After trying nmap's -oG option you may have read the nmap manual and wondered what a "nearly as convenient" method of using XML might look like. The following is as near as I've come to convenience.
Start by saving scan results in XML:
nmap -PN -n -A -sU -sS -sV -oX scan_results.xml 192.168.1.1-100
We're going to use XPath to define and query elements of interest, so we'll need to be comfortable with the structure in scan_results.xml. I use the Firebug and FirePath extensions to Firefox to help expose the XML structure, identify XPaths, and verify the sanity of the XPaths I'm interested in. But as long as you can see a hierarchy and distinguish attribute names from values, you're good to go.
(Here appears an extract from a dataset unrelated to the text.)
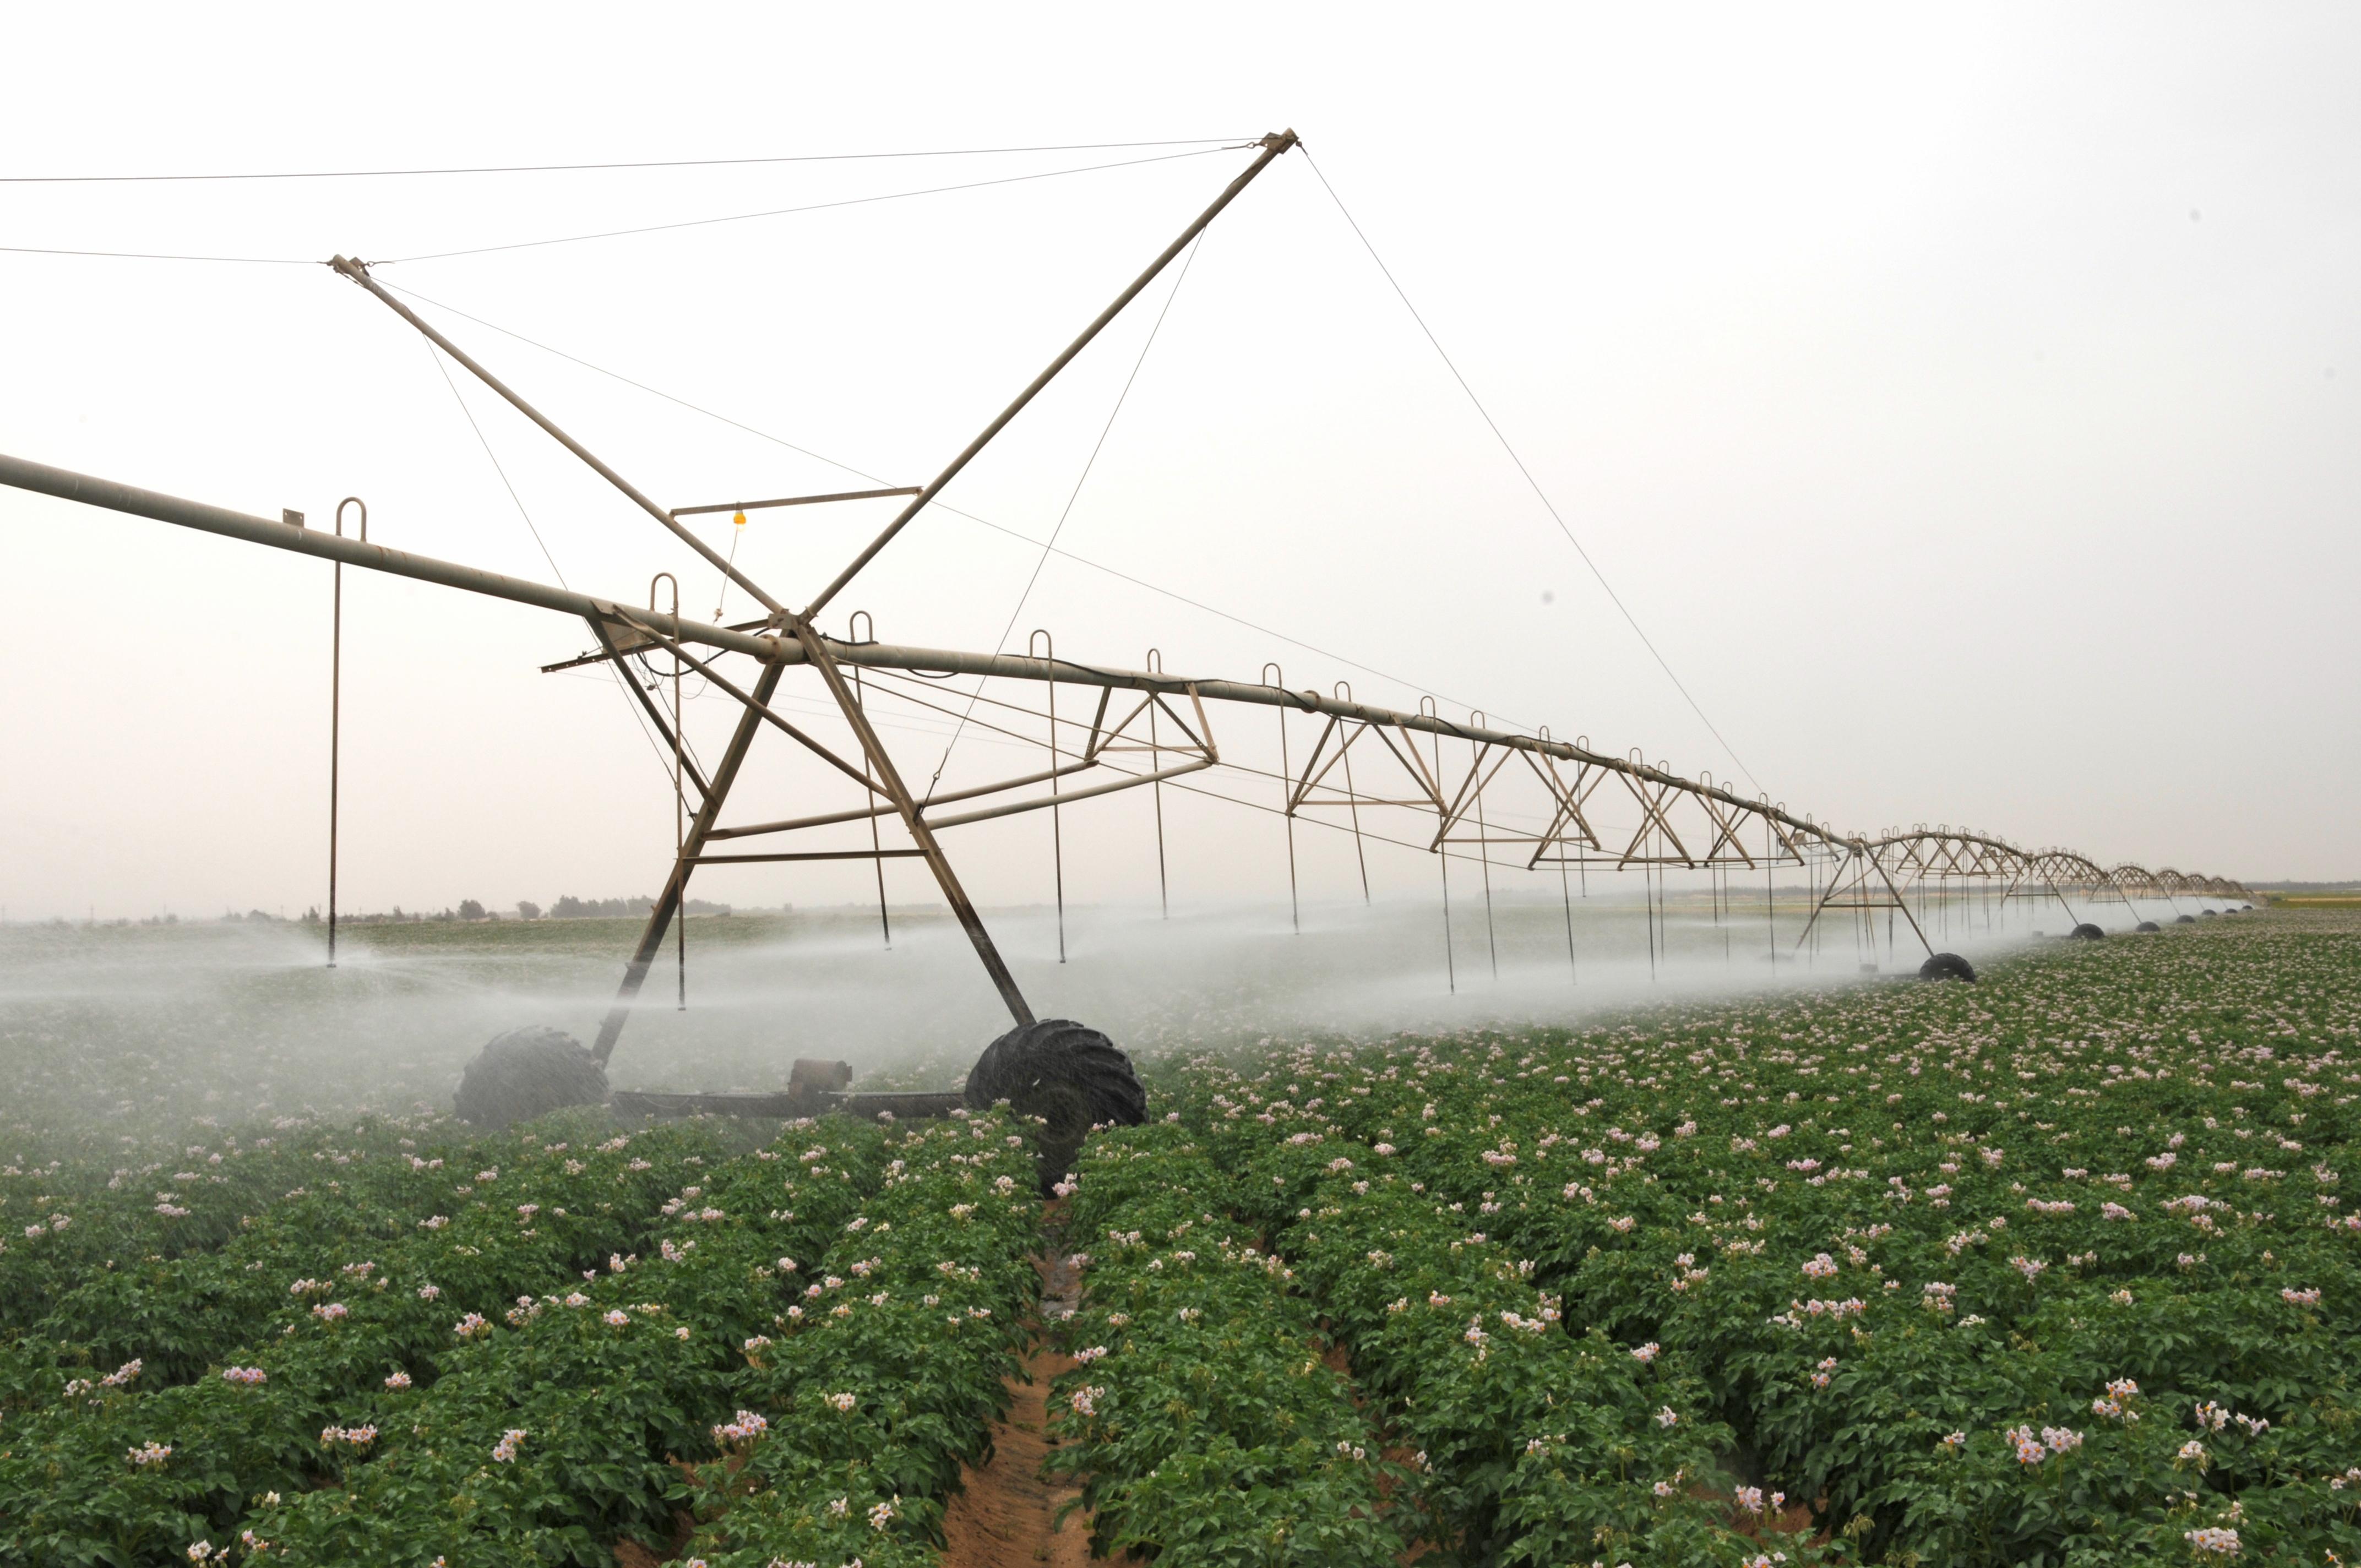 Alowaynat Farm

Let's go.
Install xmlstarlet (http://xmlstar.sourceforge.net). xmlstarlet is a general purpose, pipe-friendly command line tool for XML. We're going to focus on its selection capabilities to query our scan's output. Using XPaths, we'll specify our elements of interest and report the values of attributes relative to those elements.
Given this simplified (but valid enough) result from scan_results.xml:
<nmaprun> <host> <address addr="192.168.1.1" addrtype="ipv4"/> <os> <osmatch name="Microsoft Windows" /> </os> </host> <host> <address addr="192.168.1.2" addrtype="ipv4"/> <os> <osmatch name="Linux 2.4" /> <osmatch name="Linux 2.6" /> </os> </host> </nmaprun>
..let's request "host addresses and matching OS names":
xmlstarlet sel -t -m "//host/os/osmatch" \ -v "concat(ancestor::host/address[@addrtype='ipv4']/@addr,' ',@name)" \ -n scan_results.xml 192.168.1.1 Microsoft Windows 192.168.1.2 Linux 2.4 192.168.1.2 Linux 2.6
xmlstarlet sel -t is the prelude to a selection. -m specifies the XPath to what I consider "pivot points" or focal elements. -v "concat(..)" provides XPaths from the pivot points to the values in a record. -n appends a new line after each record.
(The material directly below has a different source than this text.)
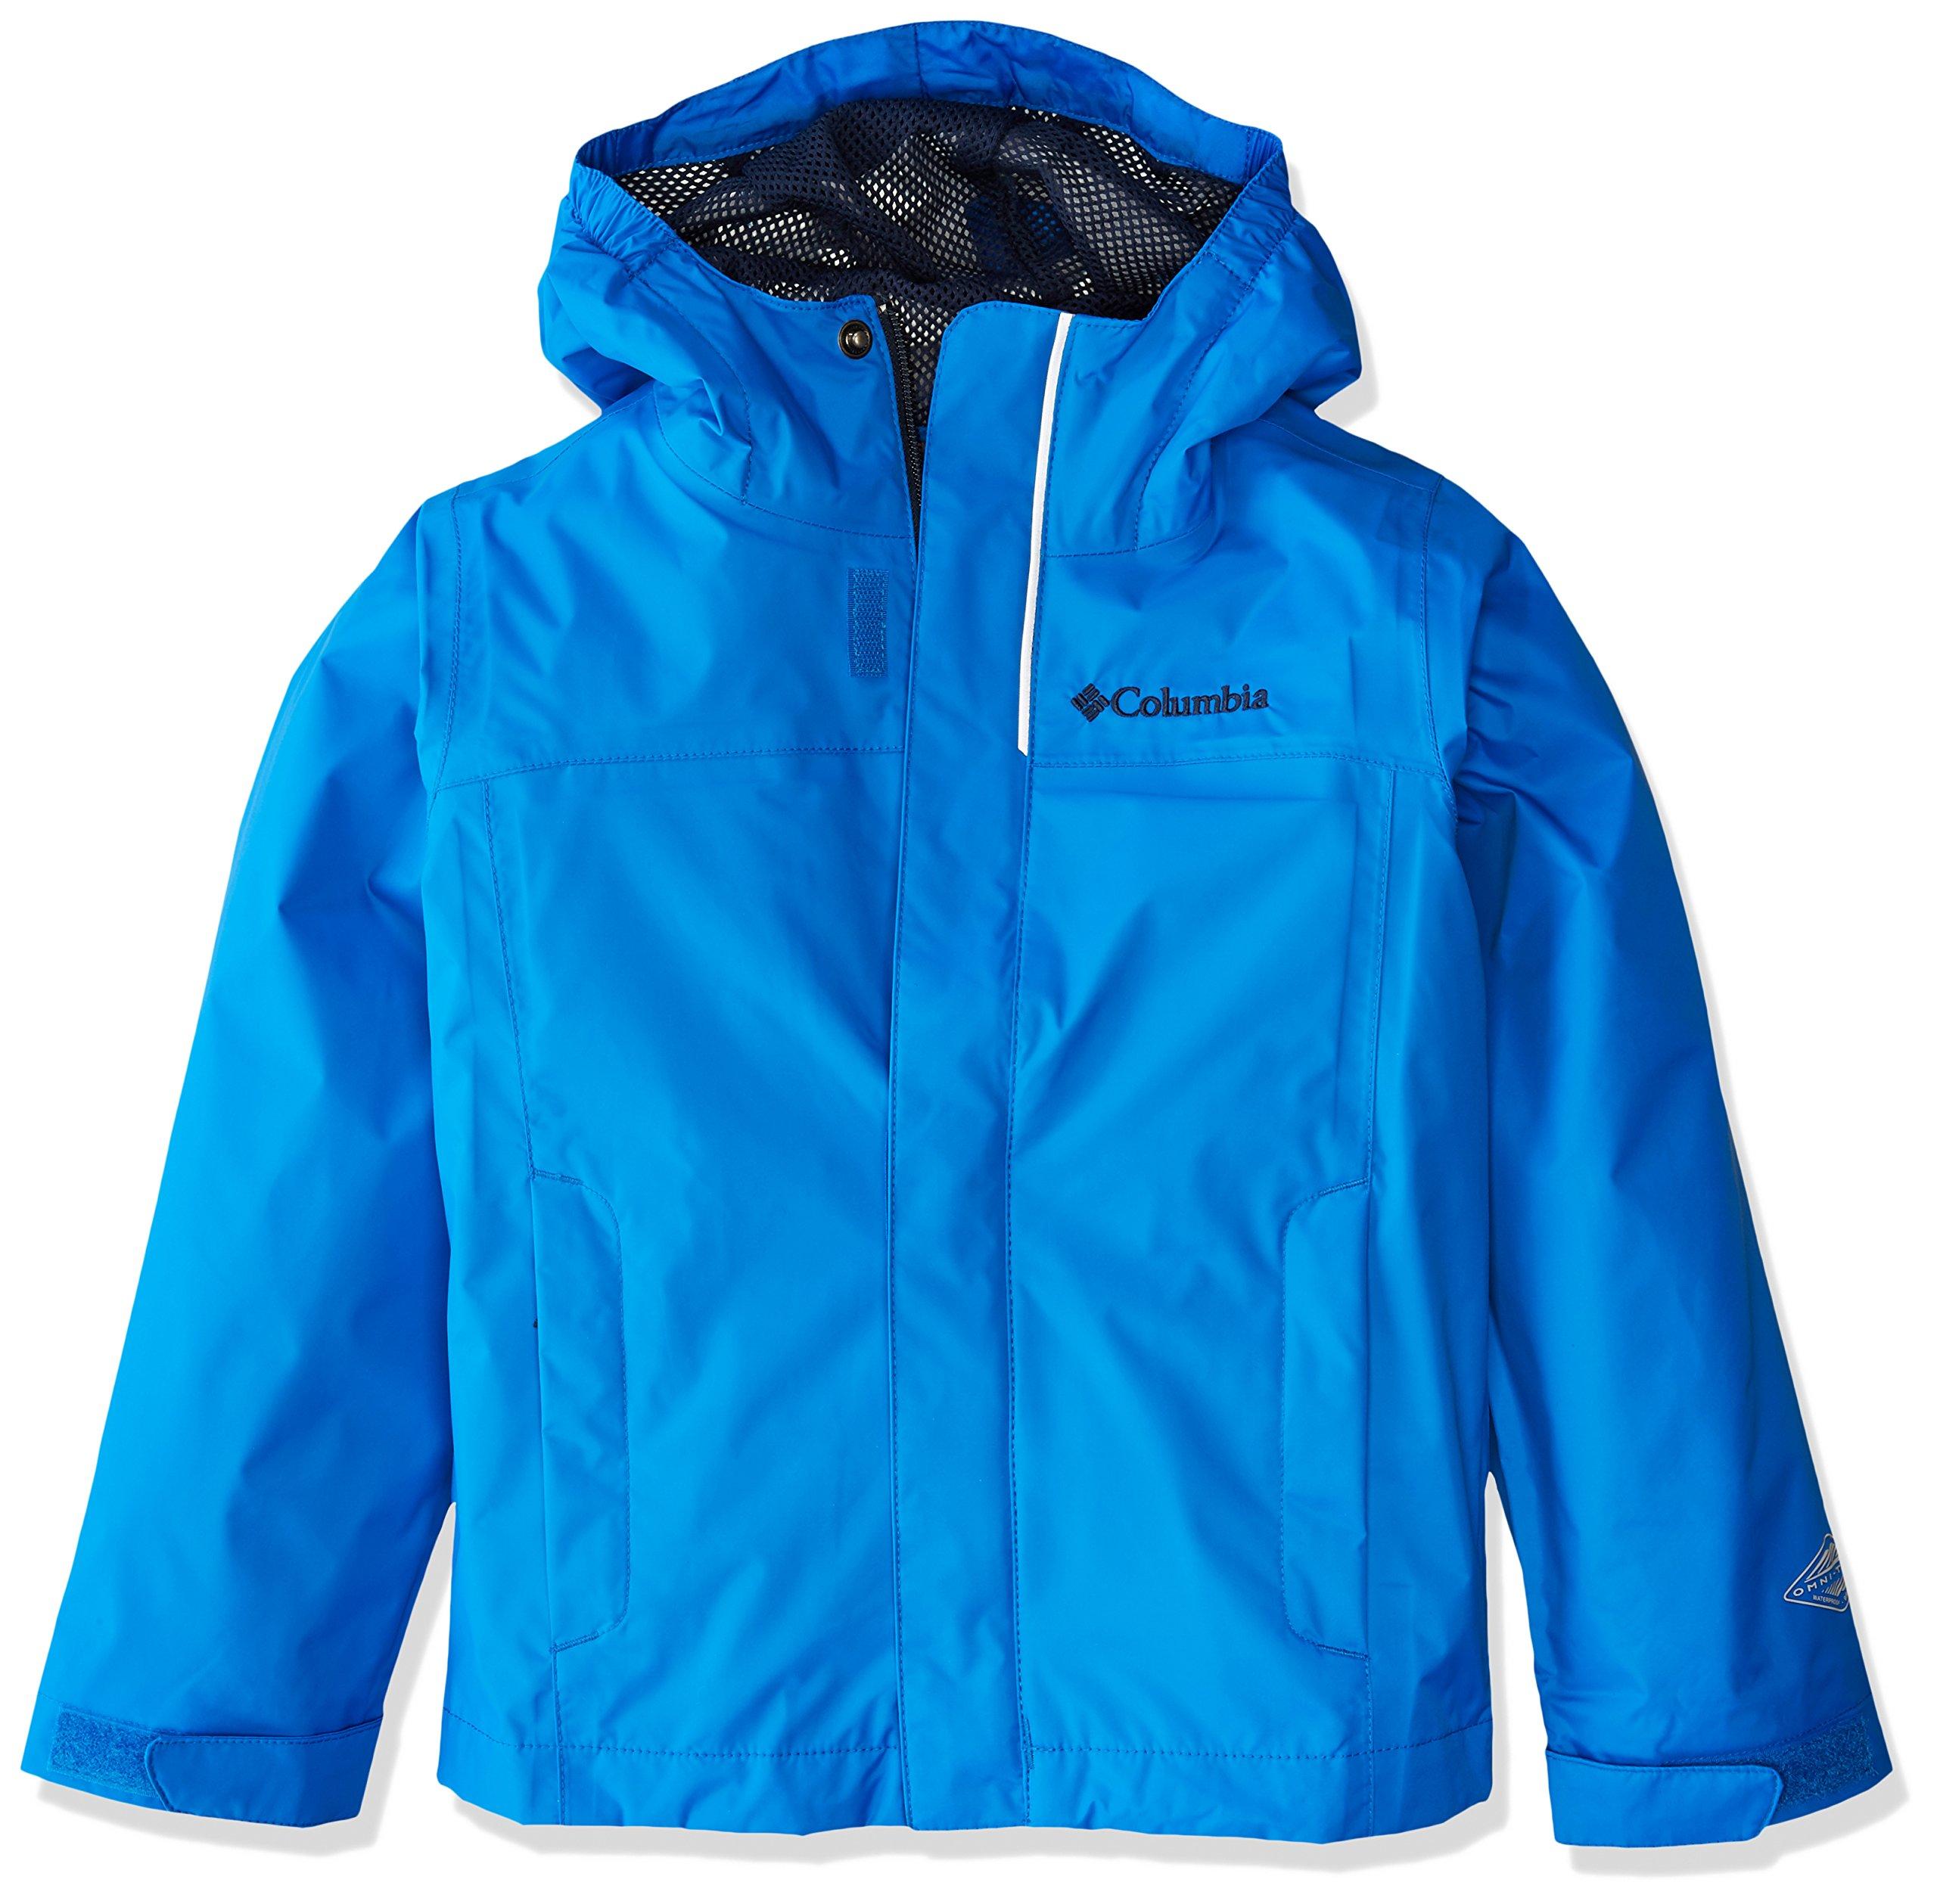 Columbia Big Boys' Watertight Jacket, Super Blue, XL

I'm using //host/os/osmatch as the pivot from which to query higher-level ancestor elements (the corresponding host in ancestor::host/address[@addrtype='ipv4']/@addr) since I haven't found a nice way to combine values of multiple children in a single line record. The result is a map that can be managed using grep, awk, and friends.
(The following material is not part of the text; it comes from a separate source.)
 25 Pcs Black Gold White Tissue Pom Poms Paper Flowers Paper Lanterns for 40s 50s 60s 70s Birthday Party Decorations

xmlstarlet supports a number of functions in the http://exslt.org namespace (ex. xmlns:str="http://exslt.org/strings"):
xmlstarlet sel -t -m "//host/ports/port[service[@name='http']]/script" \ -v "concat(ancestor::host/address[@addrtype='ipv4']/@addr,' ', \ ../@protocol,' ',../@portid,' ',../service/@name,' ', \ @id,' ',str:replace(@output,'
',' '))" \ -n scan_results.xml 192.168.1.5 tcp 5900 vnc realvnc-auth-bypass Vulnerable 192.168.1.6 tcp 22 ssh sshv1 Server supports SSHv1 192.168.1.7 tcp 7778 http html-title Oracle HTTP Server Index
Here, str:replace() eliminates new lines from NSE output.
xmlstarlet does not support regular expressions out of the box, but since the point was to make XML grep-able, we can leave the regexing to someone else.
A note on xml2..
xml2 (http://ofb.net/~egnor/xml2/) is my go-to tool for XML orientation on the command line. xml2 decomposes a tree into a list of node paths; the result of xml2 < scan_results.xml is:
/nmaprun/host/address/@addr=192.168.1.1 /nmaprun/host/address/@addrtype=ipv4 /nmaprun/host/os/osmatch/@name=Microsoft Windows /nmaprun/host /nmaprun/host/address/@addr=192.168.1.2 /nmaprun/host/address/@addrtype=ipv4 /nmaprun/host/os/osmatch/@name=Linux 2.4 /nmaprun/host/os/osmatch /nmaprun/host/os/osmatch/@name=Linux 2.6
Host addresses and matching OS names can't be mapped using a straightforward grep because the address and os nodes are siblings. This is what prompted the search for XPath assistance that led to xmlstarlet.